The U.S. Geological Survey (USGS) National Geospatial Program is developing the 3D Elevation Program (3DEP) to respond to growing needs for high-quality topographic data and for a wide range of other three-dimensional (3D) representations of the Nation's natural and constructed features. The primary goal of 3DEP is to systematically collect 3D elevation data in the form of light detection and ranging (lidar) data over the conterminous United States, Hawaii, and the U.S. territories, with data acquired over an 8-year period. Interferometric synthetic aperture radar (IfSAR) data will be acquired for Alaska, where cloud cover and remote locations preclude the use of lidar in much of the State. The 3DEP initiative is based on the results of the National Enhanced Elevation Assessment that documented more than 600 business uses across 34 Federal agencies, all 50 States, selected local government and Tribal offices, and private and nonprofit organizations. A fully funded and implemented 3DEP would provide more than $690 million annually in new benefits to government entities, the private sector, and citizens.
Today, about $50 million is invested annually in lidar and IfSAR data by all public agencies, and the U.S. Interagency Elevation Inventory shows that around 14 percent of the lower 49 States and territories has lidar data that meet the quality levels needed. An additional $96 million is needed annually to implement 3DEP. This would result in a nearly 5:1 return on investment, save lives, and improve our environment through informed decisions.

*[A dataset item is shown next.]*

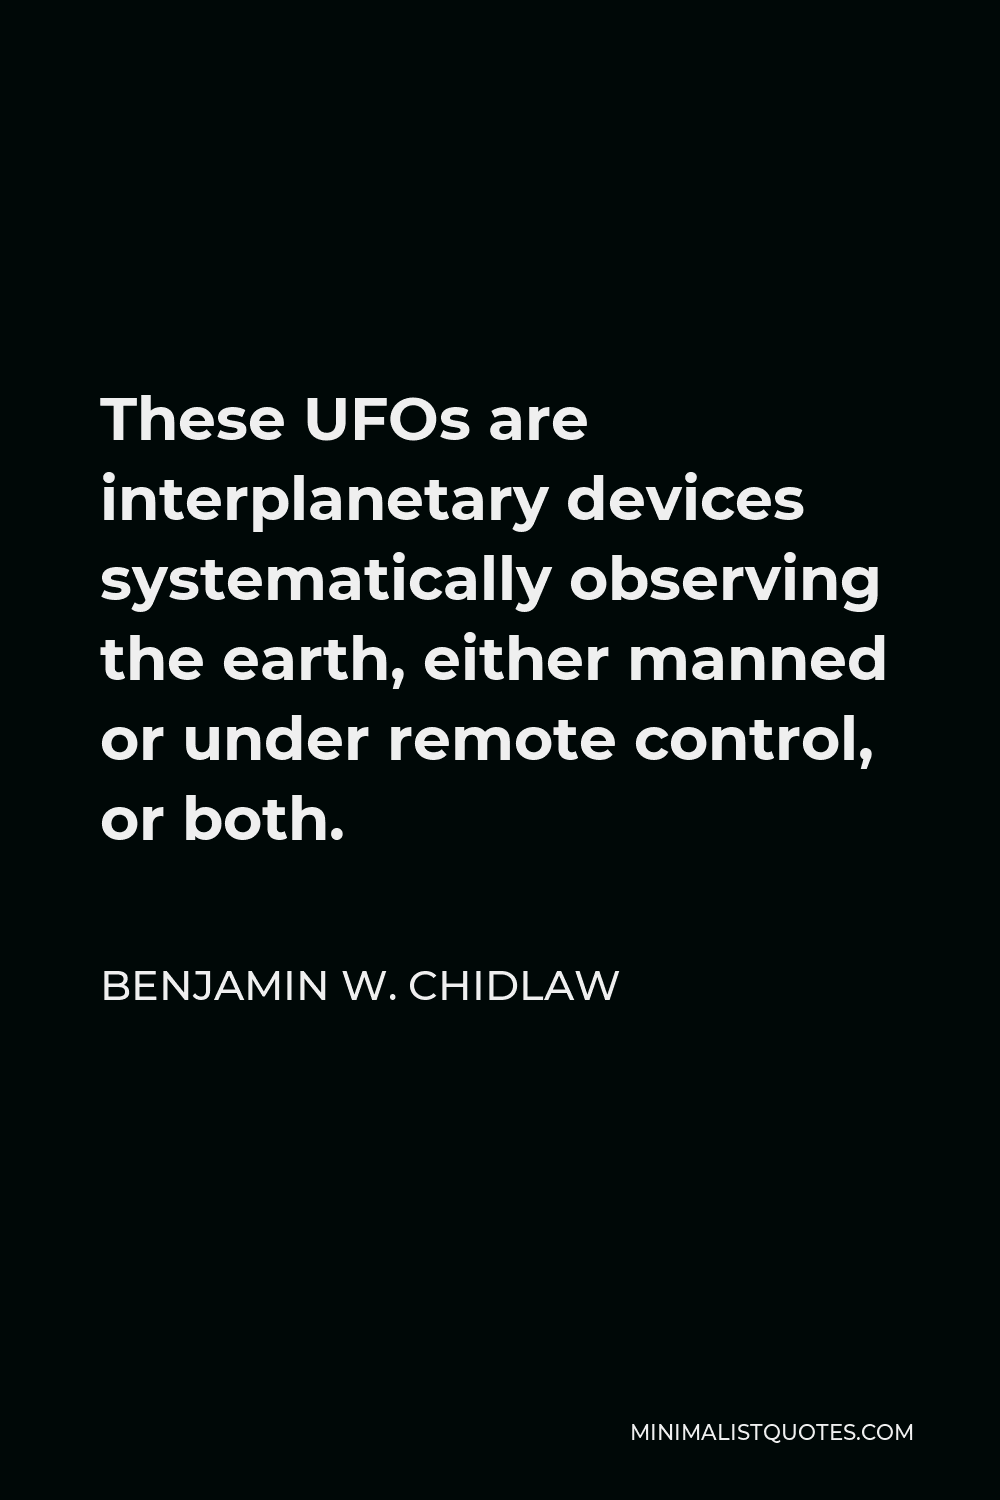 Benjamin W. Chidlaw Quote - These UFOs are interplanetary devices systematically observing the earth, either manned or under remote control, or both.

3DEP is a “Call for Action” because no one entity can accomplish it independently. 3DEP presents a unique opportunity for collaboration between all levels of government, to leverage the services and expertise of private sector mapping firms that acquire the data, and to create jobs now and in the future. When partners work together, they can achieve efficiencies and lower costs so that 3DEP can become a reality. When 3D elevation data are available to everyone, new innovations will occur in forest resource management, alternative energy, agriculture, and other industries for years to come.